Stole my neighbors family portrait & got it tattooed on my back. Now I’m standing in their living room facing the wall 2 see if they notice.
Thought I was saying, “Bye bye” at the end of a phone call, and it came out, “Bye bay,” and then I’m in a panic, thinking she may have heard it as, “Bye, babe,” and she’s not someone I can “babe,” and then the rest of the evening I have a new episode of Seinfeld in my head
if working for a big corporation has taught me anything, it’s that these multimillionaire business owners won’t get rich if the little people like me sit around on my phone tweeting all day
imagining a gas station in the 1800s but it’s guys parking their horses as they eat some grain and the guys complain about the price of the grains
Reaction from my kids after explaining how sex works:
“You’ve done this THREE TIMES?”
If you heard twenty minutes of moaning from my bedroom that was just me trying to stand up.
Ask yourself, is she really crazy? Or is she just trying to get out of the next family event?
“Honey, remember our first date?”
“Awh, are you planning something for Valentine’s?”
“No, I forgot my password. It’s the security question.”
I hate when I miss the garbage truck and just have to throw trash in the neighbors hot tub again
Welcome to your 50’s. It’s 11:40 pm, so this should be your 11th pee of the night.

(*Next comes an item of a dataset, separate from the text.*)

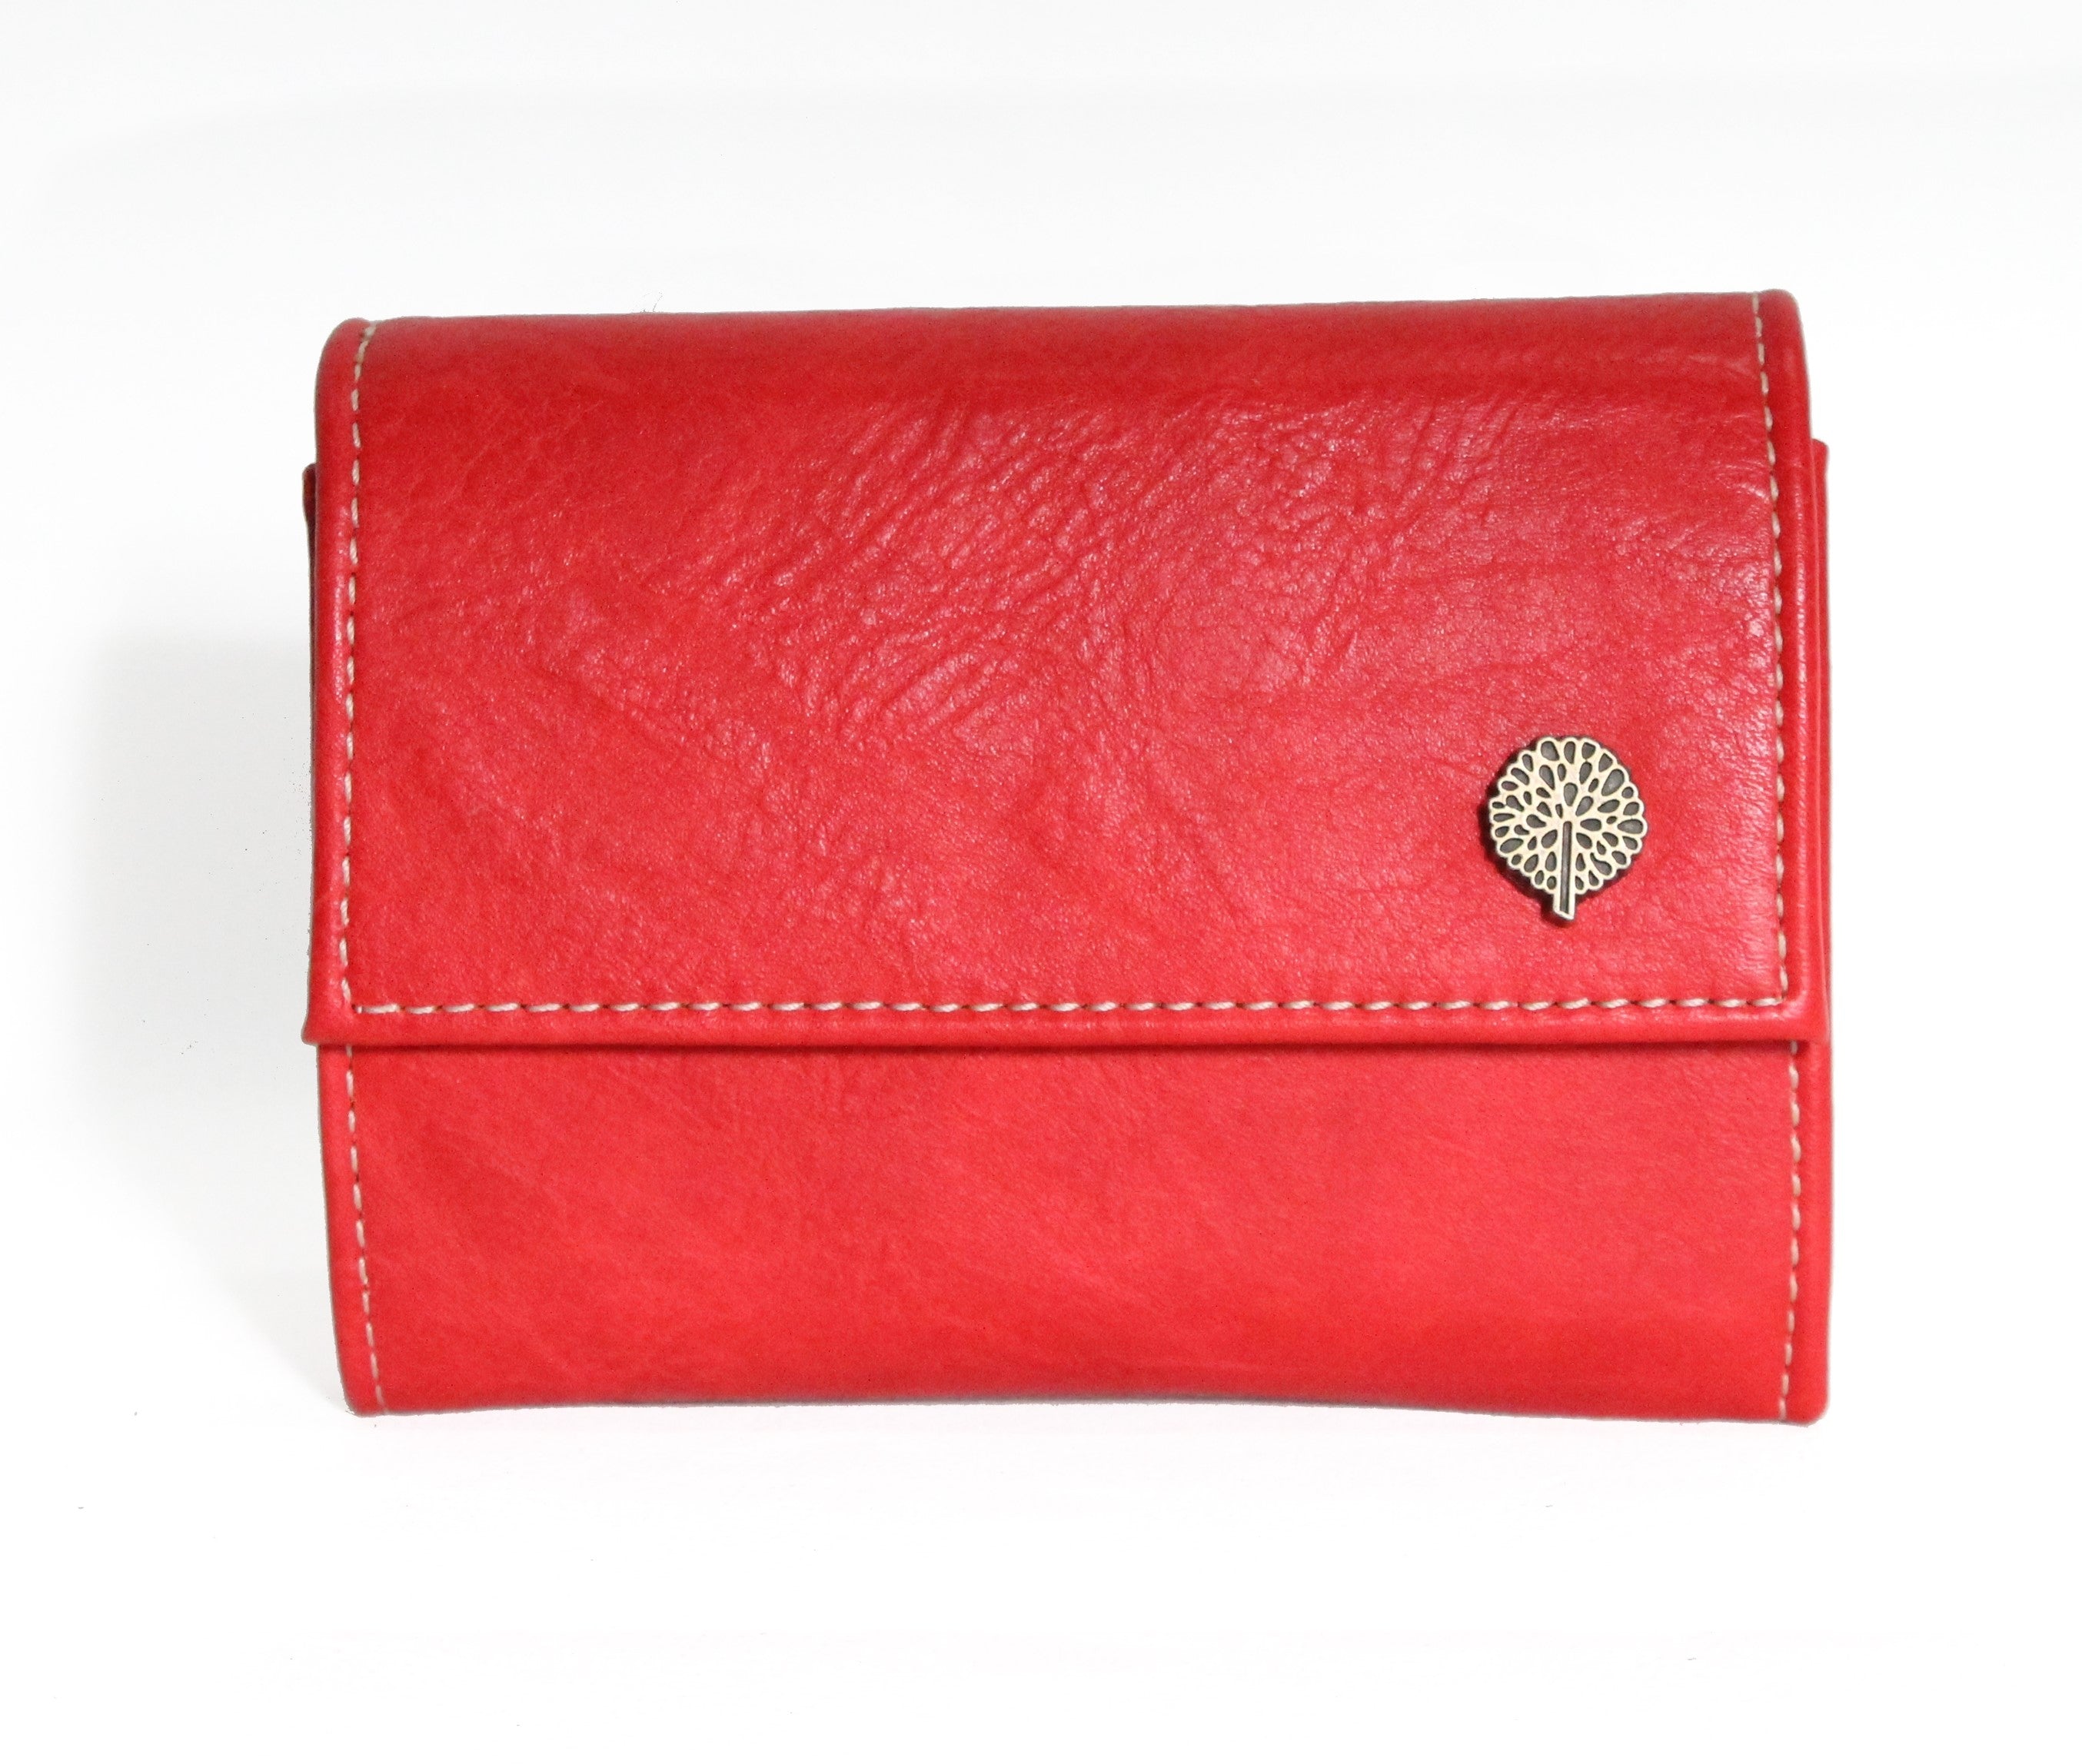 Bella mini purse with clasp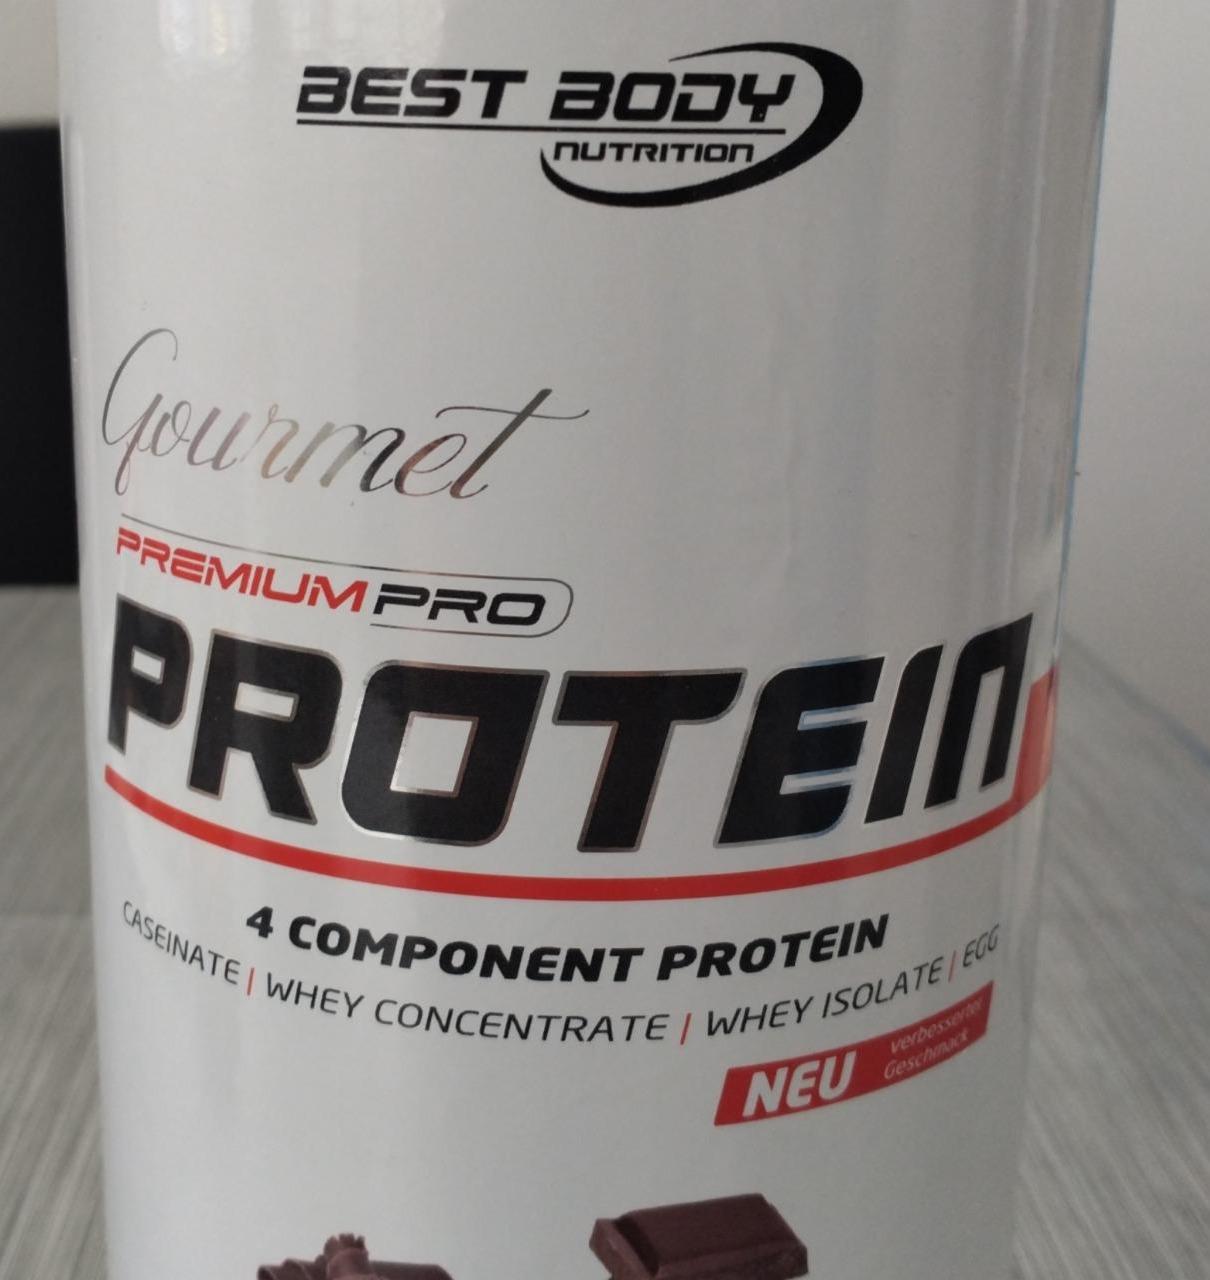 Fotografie - Gourmet premium pro protein milk chocolate Best Body Nutrition

Tonite on House Hunters: Jill wants 4 bedrooms, granite countertops and a home spa. Bob wants to be stabbed in the driveway.
The way my 12 year old is using commas makes it sound like Christopher Walken wrote her essay.
The note on this boxed wine says ‘Fresh up to 6 weeks after opening’
6 weeks. lol.
Getting your shit together just sounds unsanitary
Disney movies taught me there’s nothing I can’t accomplish as long as my parents die a brutal untimely death.